His fascination with the kidnapping, like many of the other details of his life, has been repeated endlessly over the years in the hundreds of interviews he has given. Was there anything he had never been asked? He paused for a few moments and answered, “Well, that I’m gay.”

“I just didn’t think it was anybody’s business,” Mr. Sendak added. He lived with Eugene Glynn, a psychoanalyst, for 50 years before Dr. Glynn’s death in May 2007. He never told his parents: “All I wanted was to be straight so my parents could be happy. They never, never, never knew.”

Children protect their parents, Mr. Sendak said.

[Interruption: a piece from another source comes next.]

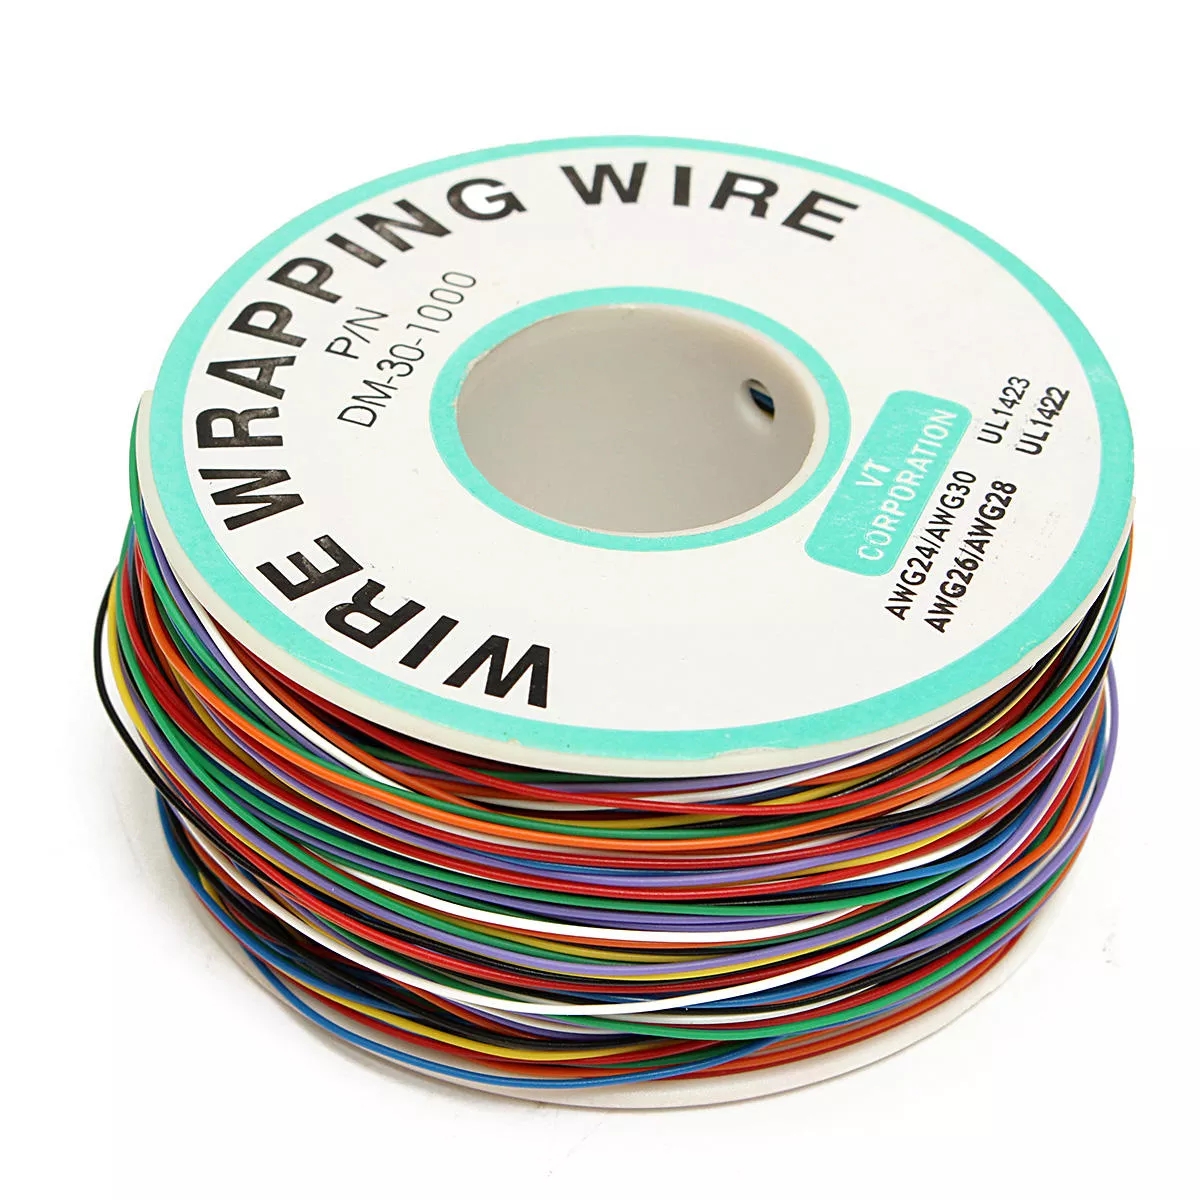 5Pcs-DANIU-250M-8-Wire-Colored-Insulated-PN-B-30-1000-30AWG-Wire-Wrapping-Cable-Wrap-Reel-1597178-8

It was like the time he had a heart attack at 39. His mother was dying from cancer in the hospital, and he decided to keep the news to himself, something he now regrets.

A gay artist in New York is not exactly uncommon, but Mr. Sendak said that the idea of a gay man writing children books would have hurt his career when he was in his 20s and 30s.

His latest book is one he started about four years ago, right after Dr. Glynn became sick with lung cancer. The illness and setting up of round-the-clock care in their home were just “so unbelievable,” he explained. Mr. Sendak is mostly finished with it, but he admitted that for the first time, “I feel extremely vulnerable.”

He is afraid — not of death, which is as familiar to him as a child’s teddy bear — but of not being able to finish his work: “I feel like I don’t have a lot of time left.”

After Dr. Glynn’s death, Mr. Sendak said he was “still trying to figure out what I’m doing here.”

“I wanted to take his place,” he said. “His death became a demarcation.” He added that he lost touch with many of his friends, unable to return phone calls and reply to e-mail messages.

Mr. Sendak is pleased with the coming birthday celebration, just as he is about his awards and honors, but in the end, he maintained, they don’t add up to much. They “never penetrated,” he said. “They were like rubber bullets.”

It’s not that he isn’t grateful. “They made me happy, but at a certain point in your life, you see through them,” he said. “You don’t mock them, you don’t hate them, you feel sorry for them” — tiny, inert emblems that just aren’t up to the task of answering pressing questions about meaning, soul-touching greatness and durability.

So he spends his days pondering his heroes: Mozart, Keats, Blake, Melville and Dickinson. He admires and yearns for their “ability to be private, the ability to be alone, the ability to follow some spiritual course not written down by anybody.”

Mr. Sendak is quick to insist that a vast distance stands between his own accomplishments and theirs. “I’m not one of those people,” he said. “I can’t pretend to be.”

Still, he has the feeling that “I will do something yet that is purely for me but will create for someone in the future that passion that Blake and Keats did in me.”

What he has failed to consider, though, is that he may already have.